El maestro responde con solidez:

– A usted lo único que le interesa, con violento egoísmo, es que el indio extraiga metal de los socavones, y respecto a lo demás, ¡allá ellos ¡ Para mí, el problema es distinto. Desde muy niño he convivido con ellos y puedo asegurarle que, en muchos, he encontrado magníficas cualidades adormecidas por la ignorancia.

Con los hechos contesta mejor aún: prefiere quedarse sin empleo que traicionar a sus alumnos por los 6 000 bolivianos mensuales ofrecidos si olvida los cursos y pasa a laborar como secretario general de la compañía.

Sebastiana es el dolor; Juan  convalece cerca del adiós; Donata, con un vejigo de éste creciendo en las entrañas; los dos jóvenes de la casa: Pedro y Pablo, tendrán que olvidar los sueños y convertirse en mineros. Donata exclama desesperada:

– … ¡Mamay! Todo se cierra en nuestra vida. ¿No te parece que hasta esta misma noche es más negra que nunca?

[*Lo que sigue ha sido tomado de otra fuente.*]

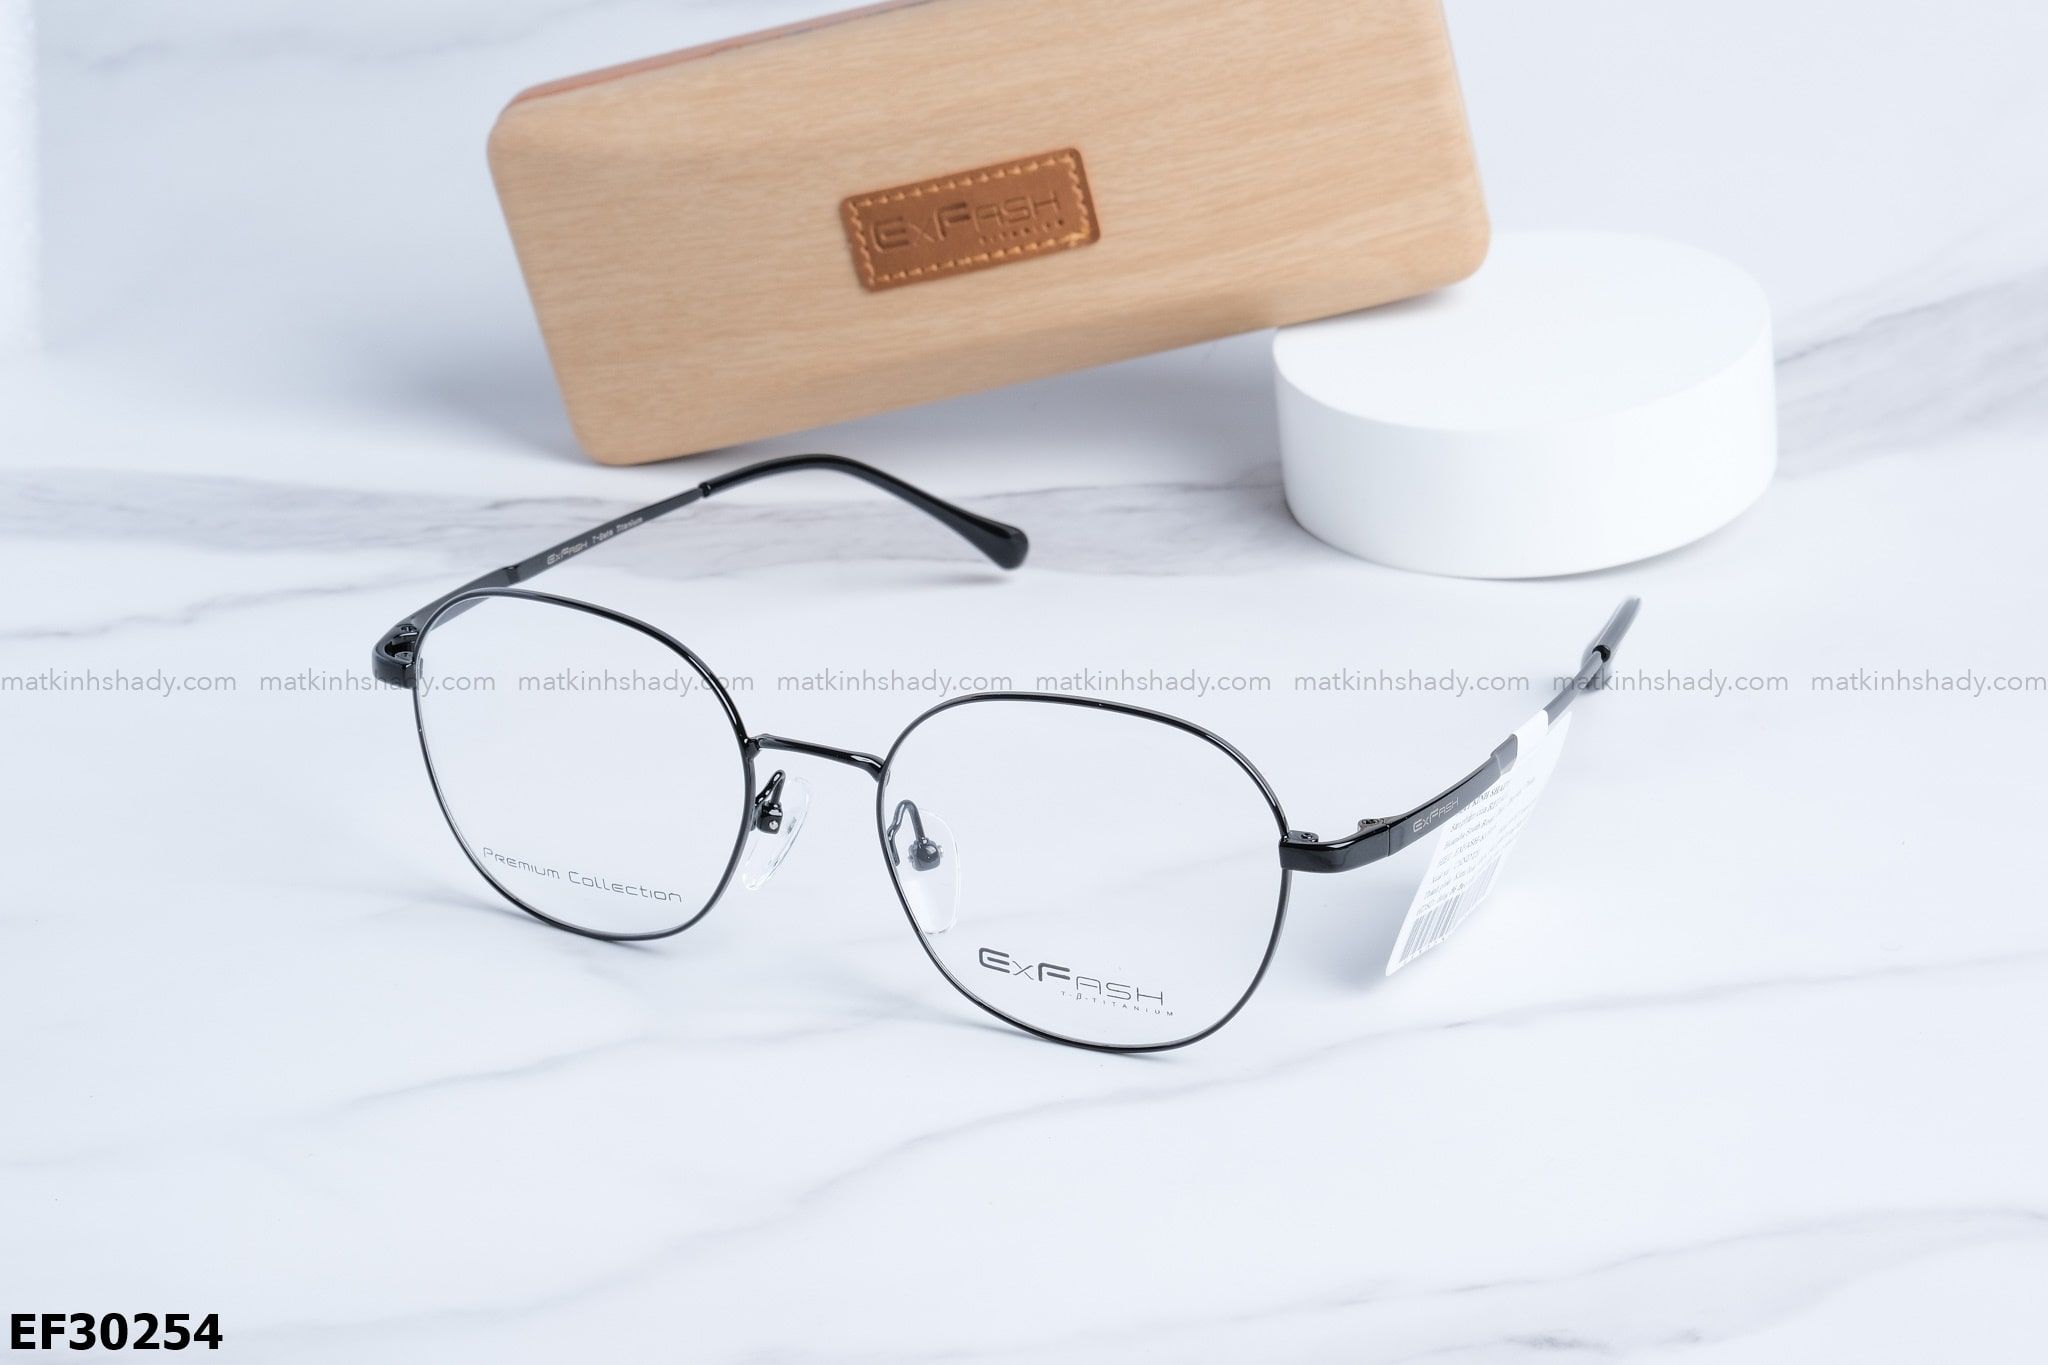  Exfash Eyewear - Glasses - EF30254

– Sí, es una noche oscura-contestó Sebastiana con voz ahogada-; pero siempre es noche oscura para nuestra gente… ¿Cuándo llegará el alba?

Bolívar, Sucre, Manuelita… han regresado; también, el Che y su tropa para apoyar los nuevos combates: Evo,  el Yo sí puedo educacional, la Operación Milagro fidelistas… Sebastiana, el ALBA ha llegado. Y no solo para Bolivia. ¡Defiéndela!